Но меня волновала судьба той похороненной галереи. Возможно, ее найдут, как нашли фаюмские портреты, ценность которых не только в высочайшем мастерстве живописцев, но в подлинности людей, живших почти за две тысячи лет до меня. Осязаемость прошлого создают не поэмы, не философские трактаты, а подлинники иного рода — берестяная грамота, в которой один новгородец просит другого доставить ему на покос свежего коня и чистую рубаху, или папирус, отправленный солдатом легиона, стоявшего на Дунае: солдат, поздоровавшись со всей родней поименно — совсем как наш крестьянский сын — укоряет ее: «Я отправил вам семь писем, а вы не отвечаете, будто я чужой вам», — и обещает выпросить отпуск у командира…

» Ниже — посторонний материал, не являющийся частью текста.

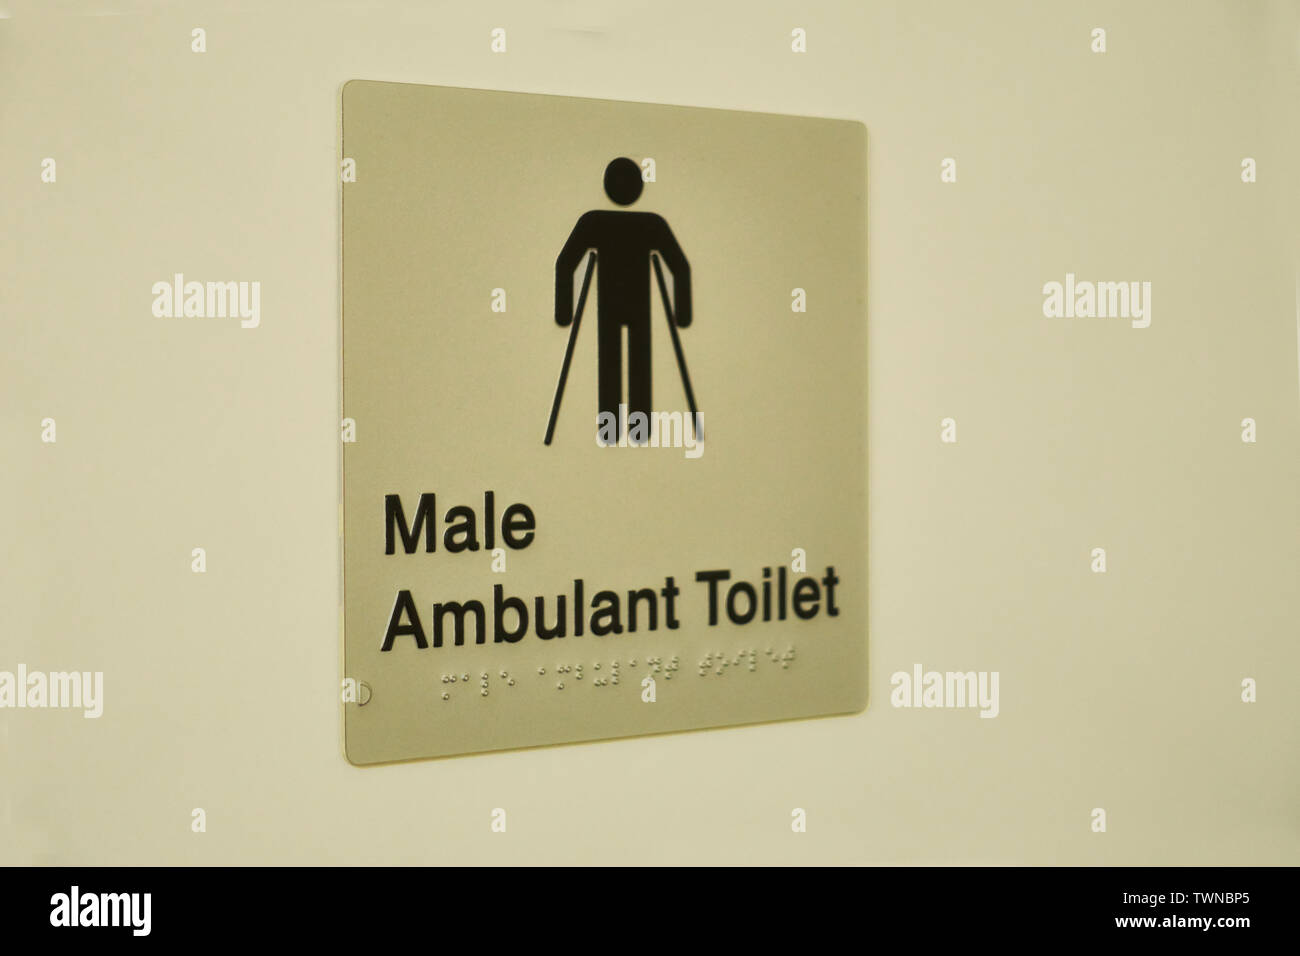 Signer sur une porte des toilettes. 'Masculin' Toilettes ambulatoire avec caractères Braille. Banque D'Images
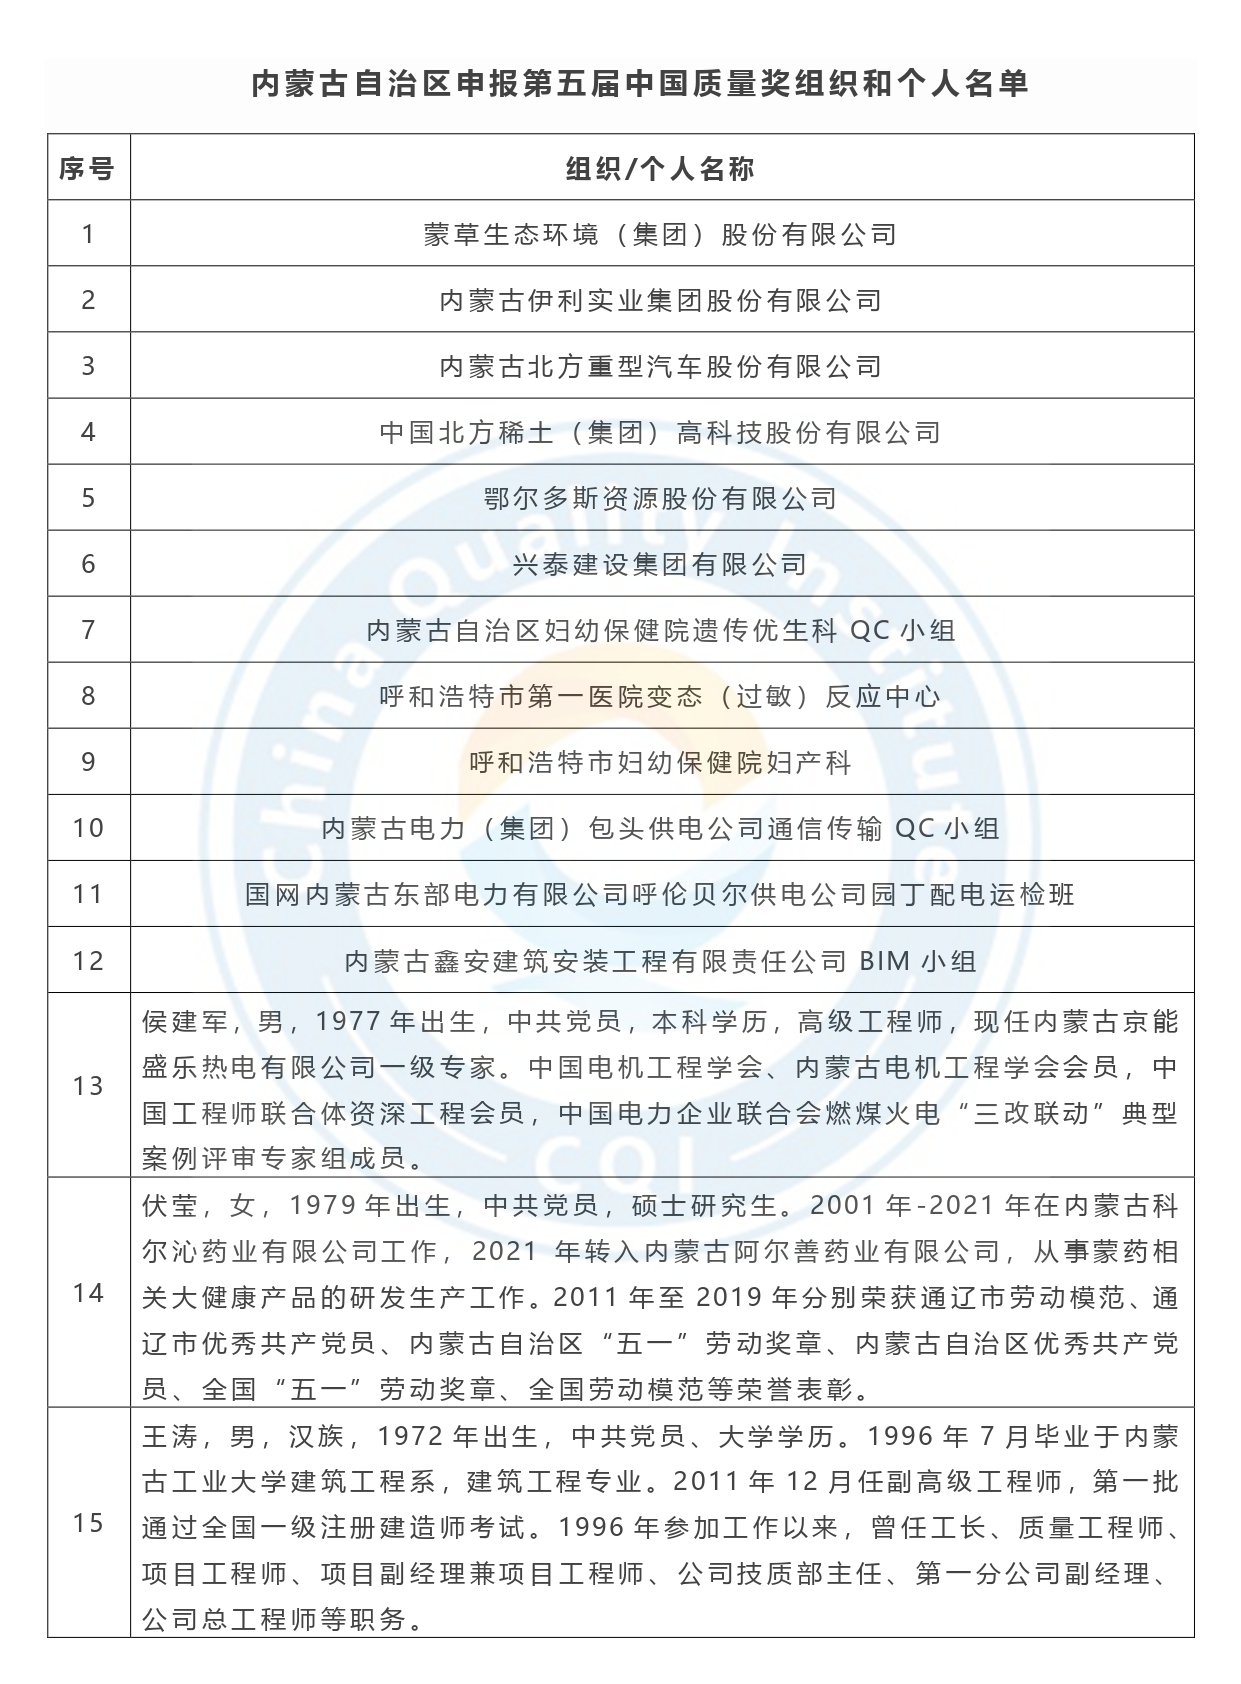 第五届中国质量奖申报名单公示-内蒙古.jpg

И та галерея лиц — а там, наверное, все пьяные, и главное, упорные, ошарашенные своей правотой, ни в какую, до смертоубийства, не желающие понимать, что студия мала для ростового портрета, тем более на коне с шашкой наголо — могла бы стать самым подлинным портретом Гражданской войны. Ведь свет, рисующий сам себя, лгать не может.
Но так ли это?
И я пустился в размышления о природе света, рисующего себя, и утонул в них.
* * *
Самой первой иконой считается Спас Нерукотворный. Он же — первая фотография, поскольку изображение было получено без участия художника. Христианское предание знает о двух прижизненных изображениях Иисуса. 12 июля Католическая церковь поминает святую Веронику — благочестивую еврейку, протянувшую Спасителю кусок ткани по пути на Голгофу, чтобы Он вытер с Лица кровавый пот. Лицо отпечаталось на ткани, которая почитается как Плат святой Вероники. «Фотография» Христа страдающего стала сокровищем западной традиции, хотя о ней знали и на востоке — пусть и не в том же виде.
Константин Багрянородный считал, что плат дал Спасителю один из учеников в Гефсиманском саду. «Когда Христос должен был идти на вольную смерть, когда, являя человеческую немощь, Он явился боящимся и молящимся, когда пот капал с него, подобно каплям крови, как указывает евангельское повествование (Лк. 22:44), тогда, говорят, взяв у одного из учеников этот ныне видимый кусок ткани, он вытер им ручейки пота, и тотчас отпечатался Его боговидный Лик».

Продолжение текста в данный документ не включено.